A NONSTATIONARITY TEST FOR THE SPECTRAL-ANALYSIS OF PHYSIOLOGICAL TIME-SERIES WITH AN APPLICATION TO RESPIRATORY SINUS ARRHYTHMIA

The spectral analysis of time series requires the signal to be at least weakly stationary; i.e., the mean, (co-) variance, and spectrum of the time series should not vary from segment to segment. It is commonly assumed that psychophysiological time series are not stationary. This study introduces a nonstationarity test to the psychophysiological literature, which is derived from evolutionary spectral analysis. Basically the test consists of a double window technique in both the time and frequency domains, leading to a two-way analysis of variance for times and frequencies.
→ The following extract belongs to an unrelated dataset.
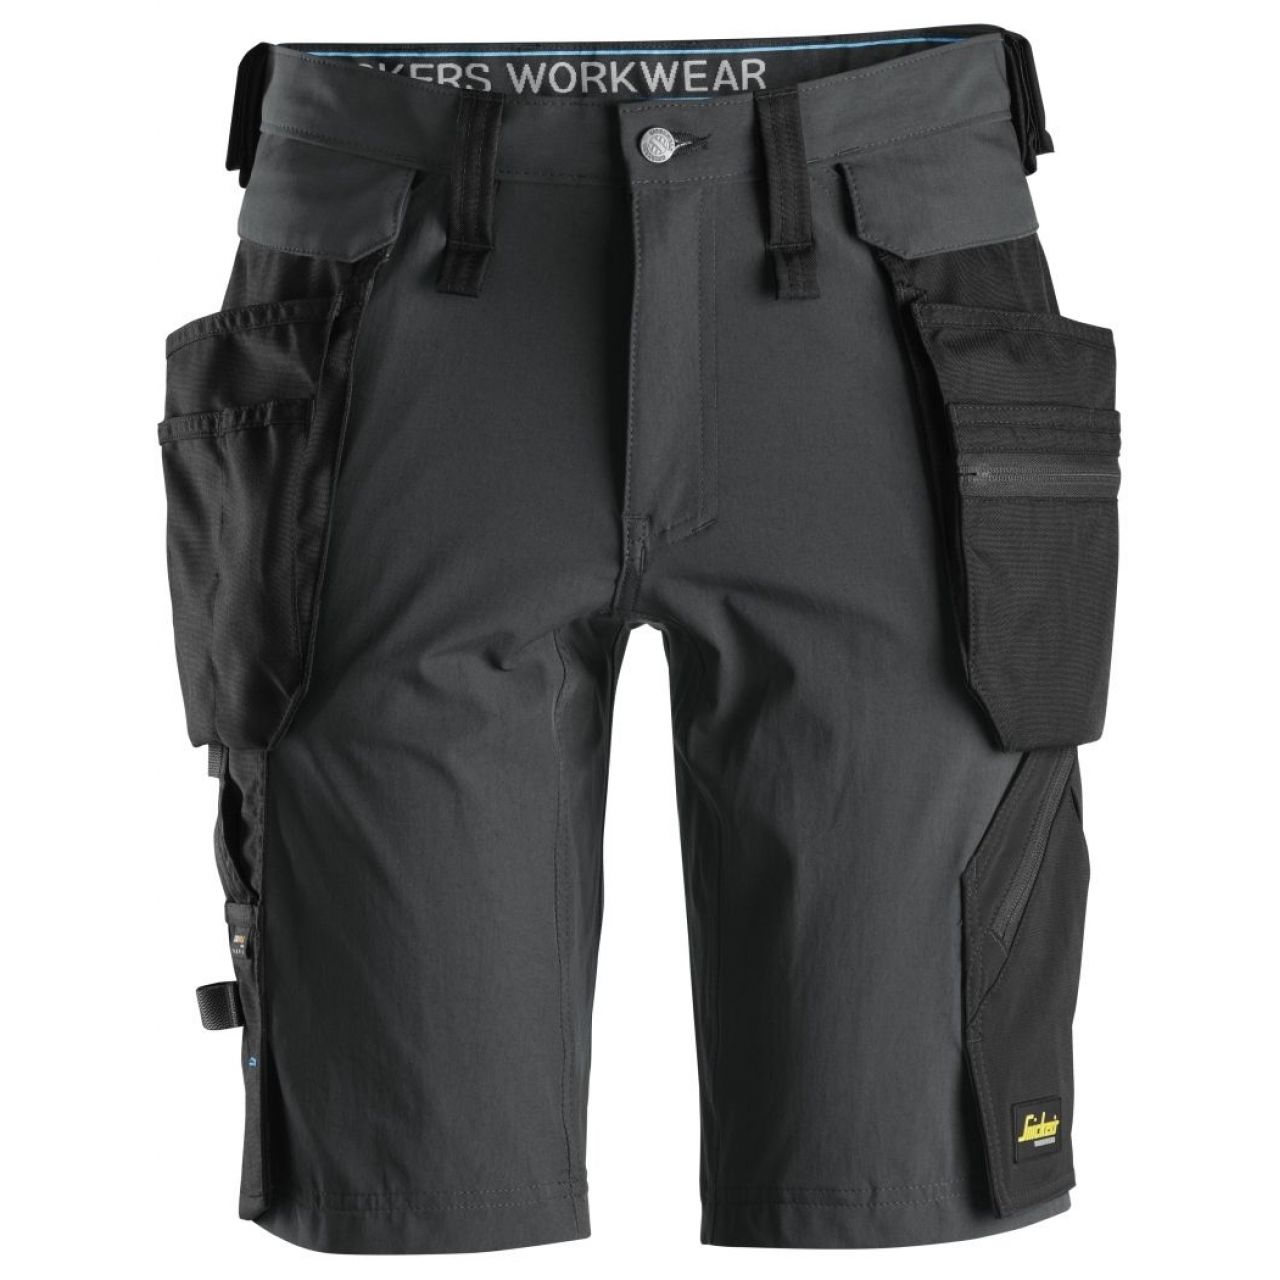 Pantalon corto + bolsillos flotantes desmontables LiteWork gris acero-negro talla 044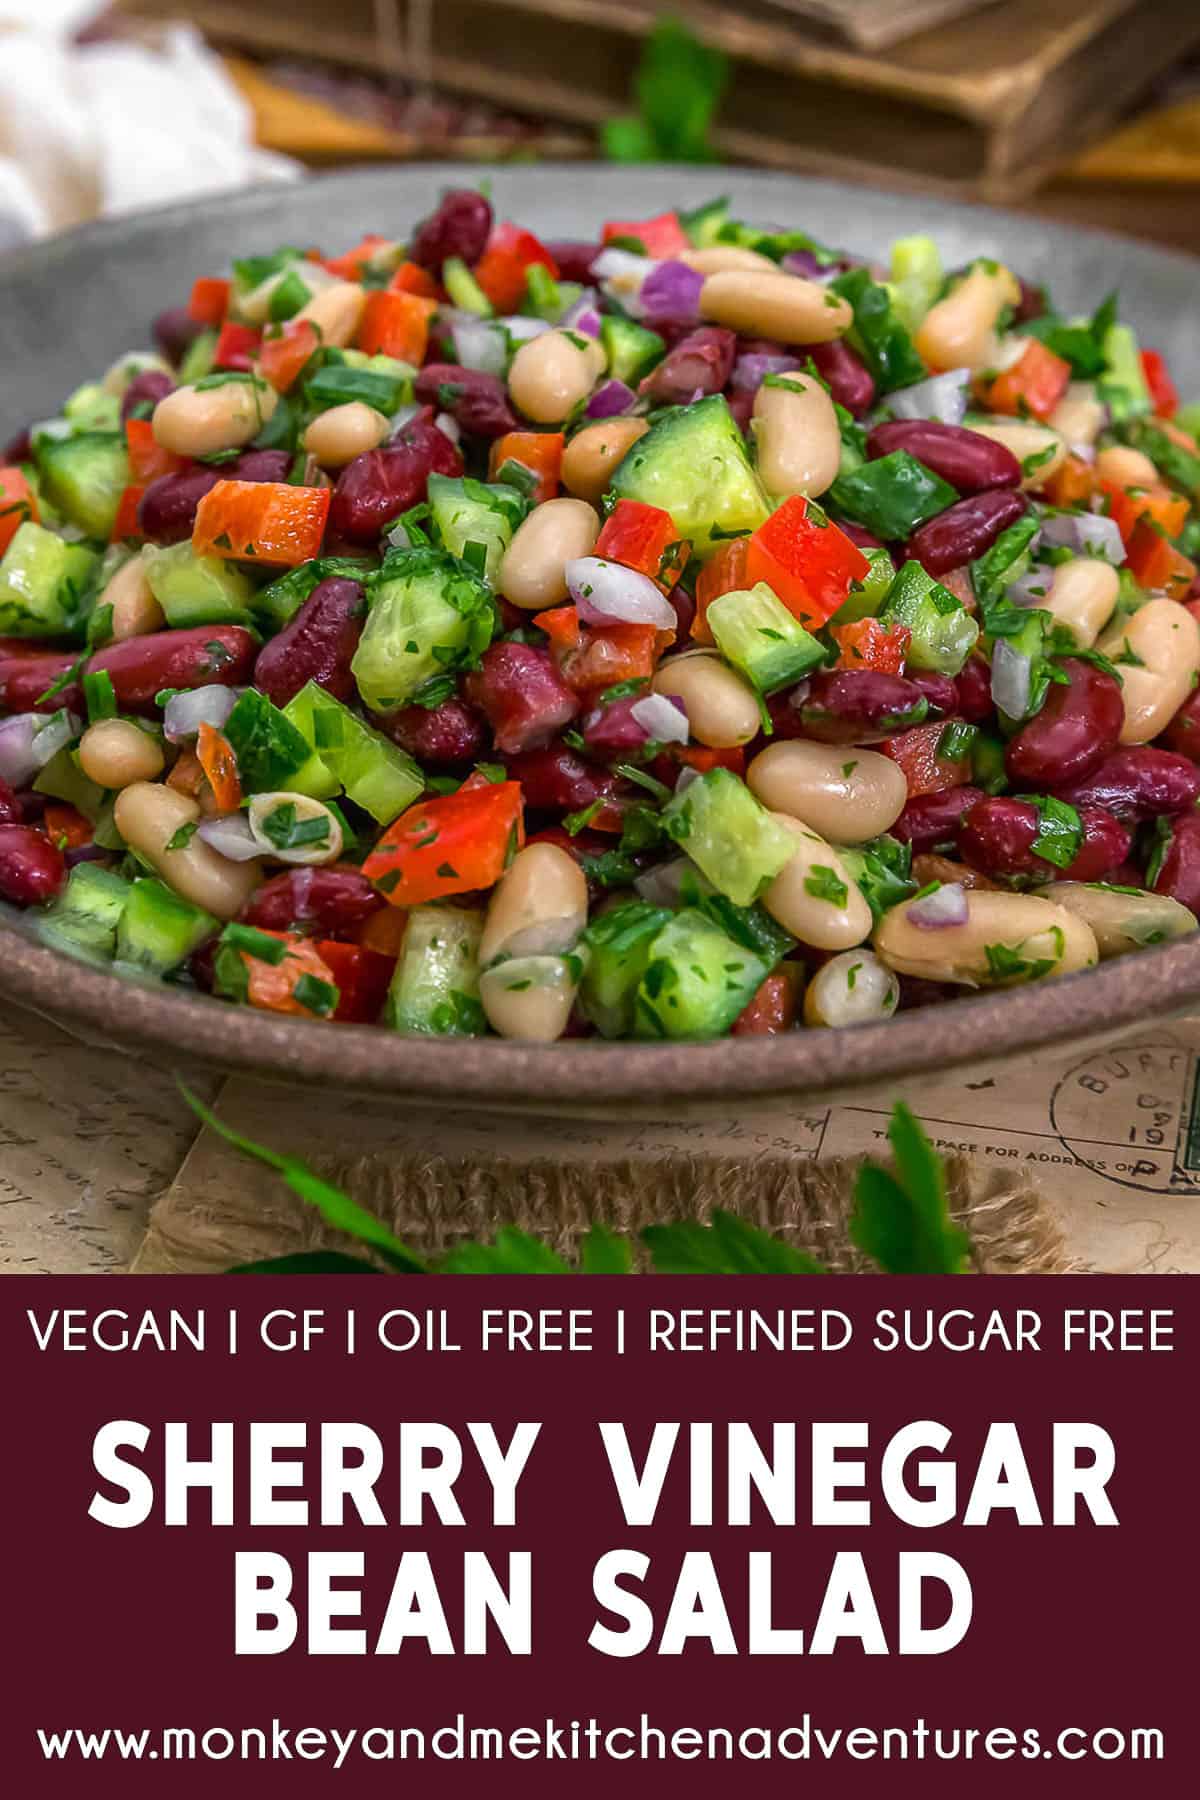 Oil Free Sherry Garden Bean Salad with text description

In the current study, the nonstationarity test is applied to heart rate data obtained in a typical psychophysiological setting. Heart rate and respiration were measured in four age groups under four conditions-rest, paced breathing, vigilance, and reaction time. The results indicate that only few physiological time series were completely stationary. However, for every subject, and in every condition stationary, stretches could be found that were long enough to apply spectral analysis. Spectral measures (power, coherence, and phase spectra) were then compared for stationary parts of the data and the total data. This comparison indicated that nonstationarity affects all spectral measures. Most importantly, Stationarity X Task Condition X Frequency Band interactions were observed for coherence and phase spectra, and there were significant interactions with age for each of the spectral indices. These findings suggest that nonstationarity may result in biased outcomes of significance tests of the effects of task manipulations on the spectral indices of cardiac time series. Thus, it was concluded that the stationarity test should be routinely applied in the spectral analysis of physiological time series. In addition, it was suggested that the nonstationarity test has an even wider range of application that might be of interest to the psychophysiologist.